Tolkien's parents, Arthur Tolkien and Mabel Suffield, grew up in Birmingham. Arthur Tolkien's father, a music-seller and piano teacher, had moved from London to Birmingham in the early 1840s. The Suffield family had been in Birmingham since 1810. Mabel's father John ran the family drapery and hosiery store in central Birmingham. From 1826 until it was demolished as part of the Birmingham Improvement Scheme in 1886 the business was in Old Lamb House in Bull Street, as we discussed above.
Arthur Tolkien emigrated from Birmingham to South Africa in 1889 to gain promotion at work. He was already engaged to Mabel Suffield; when she reached the age of twenty-one in 1891 her father gave her permission to sail to South Africa to marry Arthur Tolkien.
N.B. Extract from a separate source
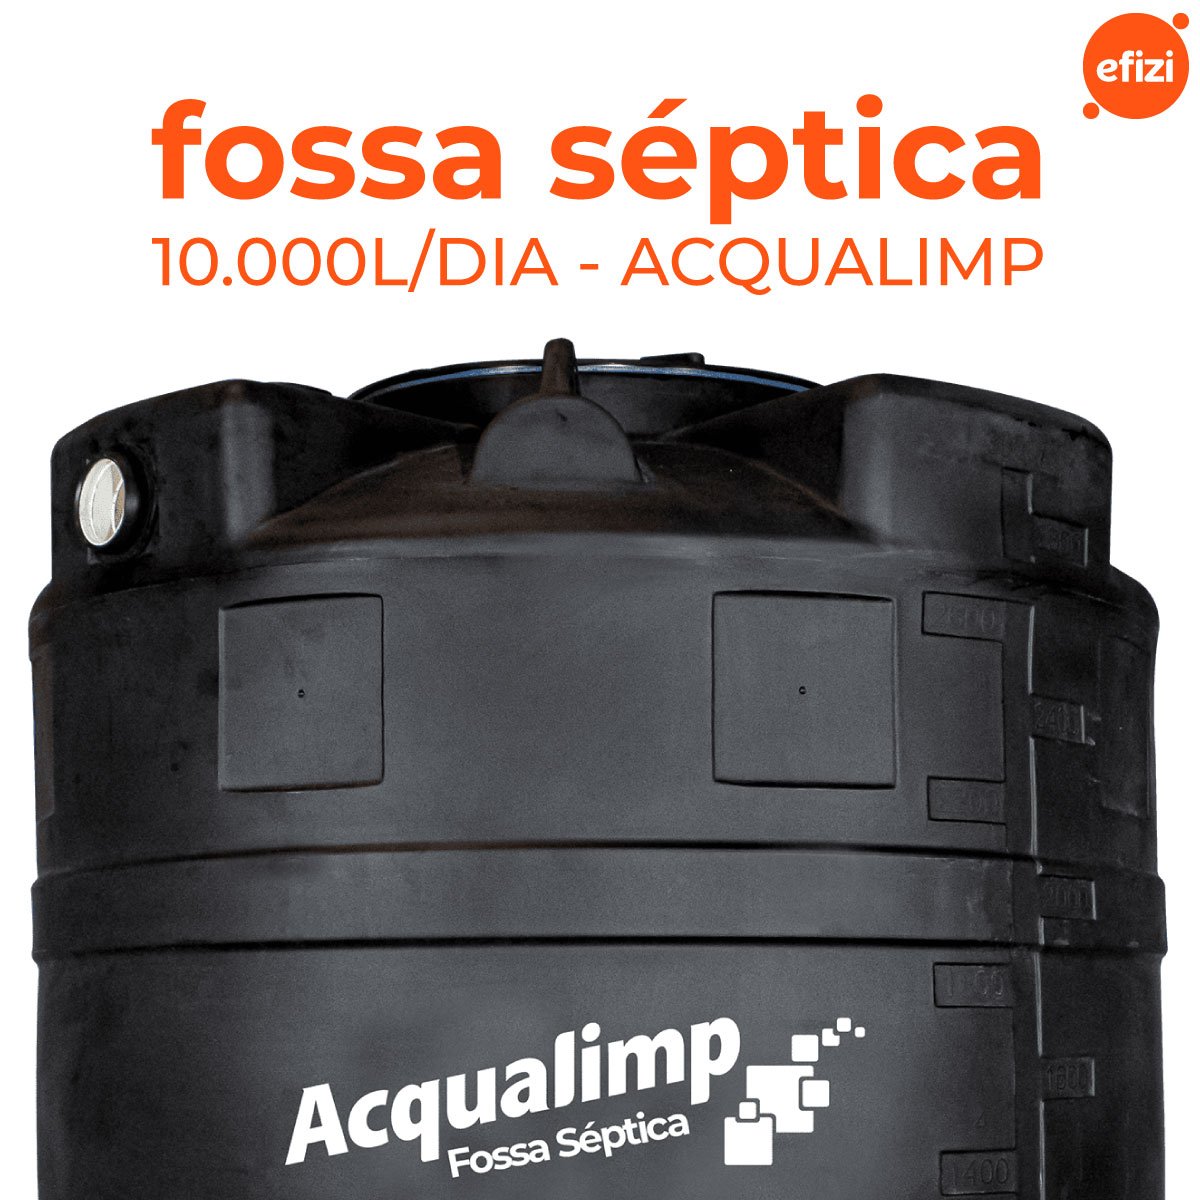 Fossa Séptica 10.000l Acqualimp - 2

A Christmas card sent by the Tolkiens in 1892. J. R. R. Tolkien is the baby
John Ronald Reuel Tolkien, author of The Lord of the Rings and The Hobbit, was actually born in Bloemfontein in the Orange Free State, an Afrikaans-speaking area of South Africa, on 3 January 1892. In 1895, when Tolkien was three, his mother brought him and his younger brother Hilary back to visit their grandparents in King's Heath and Moseley, Birmingham. Arthur stayed in South Africa for a while to take care of the family's investments; the situation was tense because of growing antagonism between the Boers and the English settlers. He died before he was able to join his family in England, Tolkien's only memory of his father was of him closing the family's trunk and painting their name on it.
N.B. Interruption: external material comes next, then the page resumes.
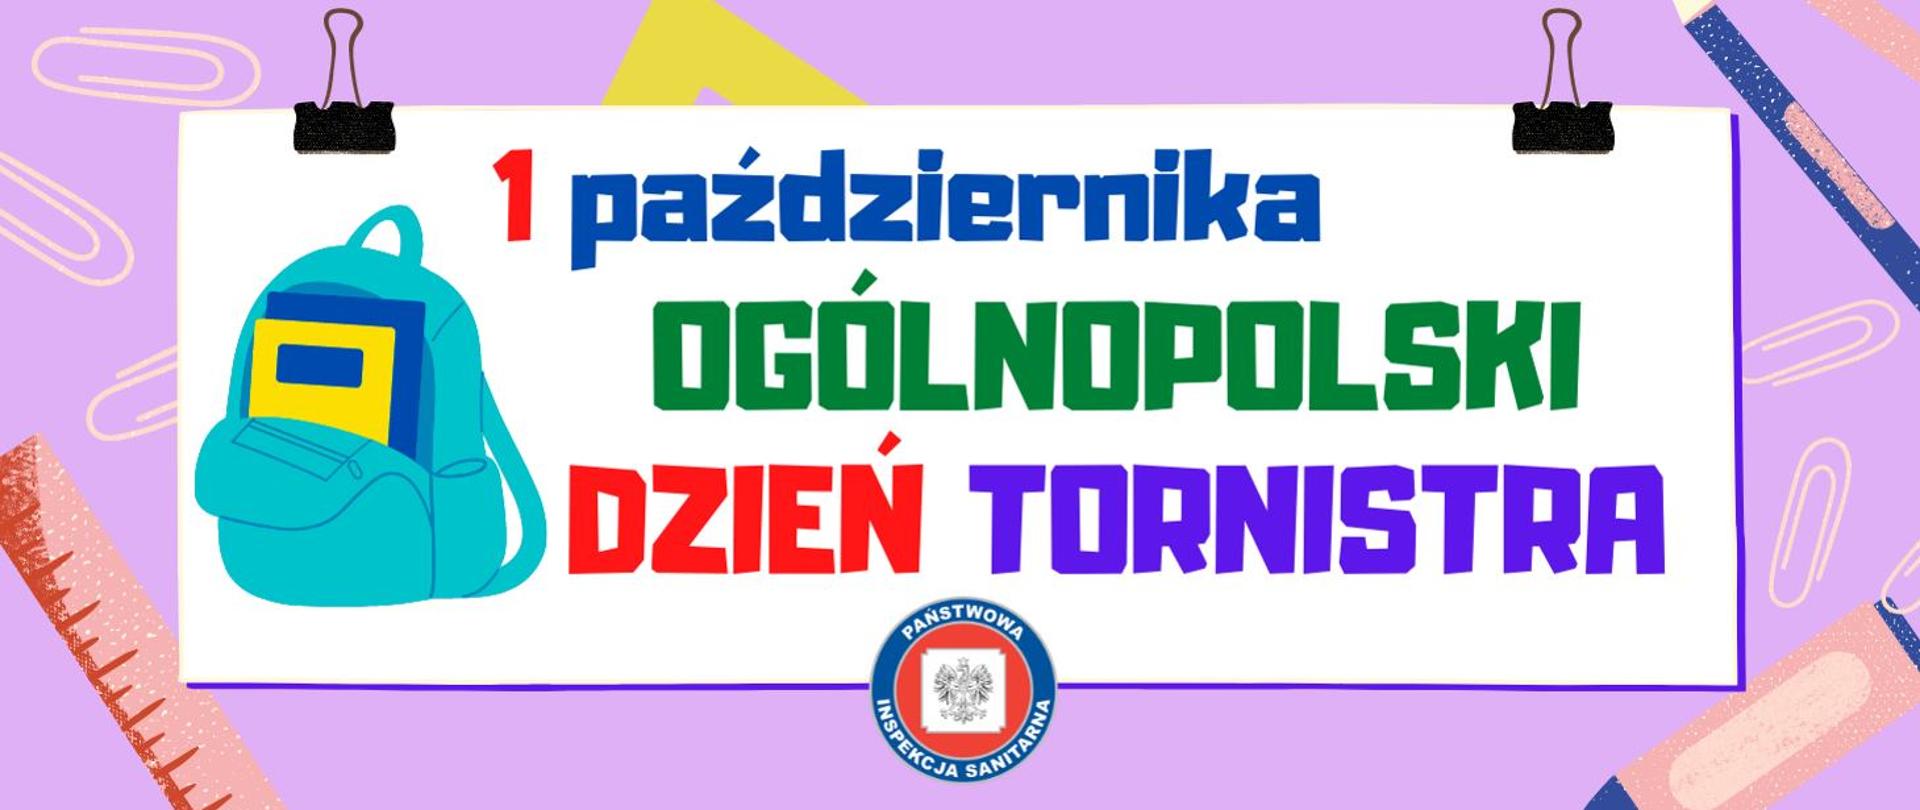 Infografika - Ogólnopolski Dzień Tornistra

In the summer of 1896 Mabel Tolkien and her two young sons settled at 5 Gracewell, now 264 Wake Green Road, a cottage in the hamlet of Sarehole in the north Worcestershire countryside close to Moseley, Birmingham.
Wake Green Road, Sarehole, circa 1900
Most of the area was still farmland. When Tolkien refers to a 'great mill' in The Hobbit he was probably remembering Sarehole Mill on the River Cole. From 5 Gracewell the boys and their mother could look across the water-meadow to the mill. Tolkien mentioned the miller and his son, George Andrew senior and junior, in the Foreword to The Lord of the Rings. It is perhaps understandable that the miller shouted at him and his younger brother when they played in the mill-yard, as they were very small and there was dangerous machinery there!
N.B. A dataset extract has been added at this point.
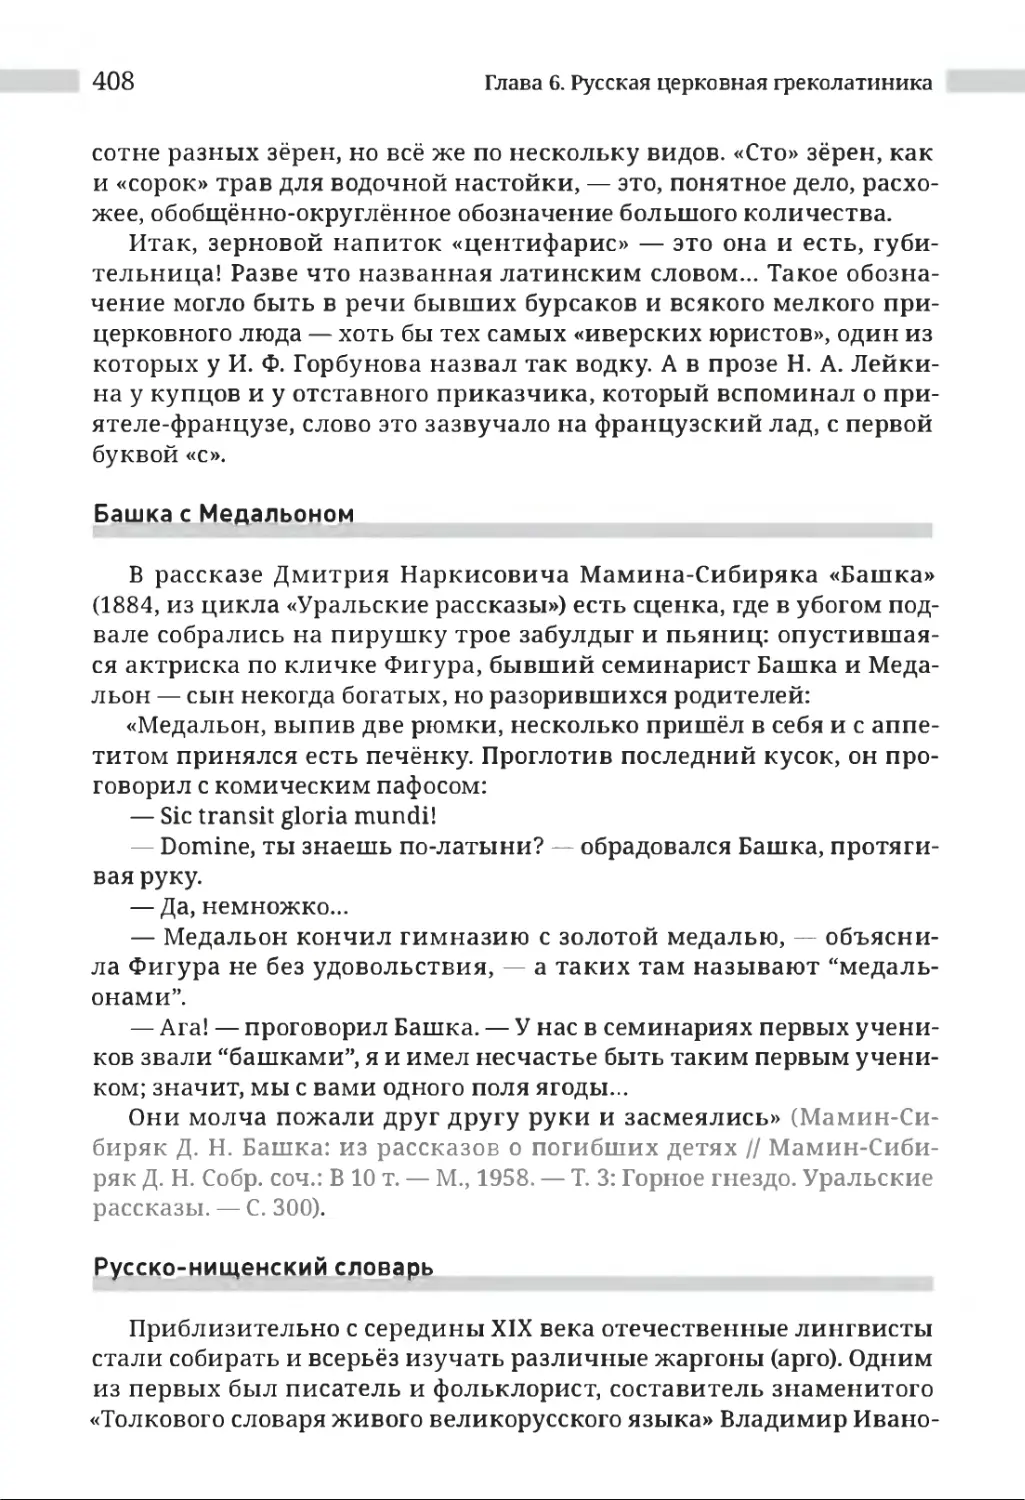 Башка с Медальоном
Русско-нищенский словарь

Tolkien was close to his brother Hilary who was two years younger than him. Hilary attended the same school, King Edward's in the centre of Birmingham. However he was not academic by inclination. He became a farmer, and ran a fruit-farm near Pershore for many years.
Up the road from the cottage they played in a deep sandpit lined with trees. This is on the edge of Moseley Bog, woodland through which streams run to feed the millpond and the River Cole. Some rare plants grow there; it may be recalled in The Lord of the Rings as the 'Old Forest'; last of the primeval woods, where Tom Bombadil lived. And a mile along the River Cole is Trittiford - then Tritterford - Mill Pool, perhaps a model for the Long Lake in The Hobbit.
As children Ronald and Hilary were taught at home by their mother, Mabel. Her sister Jane had gained a degree in science, and was a teacher. She also coached Ronald for the entrance exam for King Edward's School, Birmingham.
After Ronald started at King Edward's in September 1900 the family moved several times. First to 214 Alcester Road, Moseley, directly on the tram-route into the city so that Ronald could go to school by tram. The steam-tram was noisy and smelly, so after a few months the Tolkiens moved again, to a house in Westfield Road, on the new Grange Estate in King's Heath.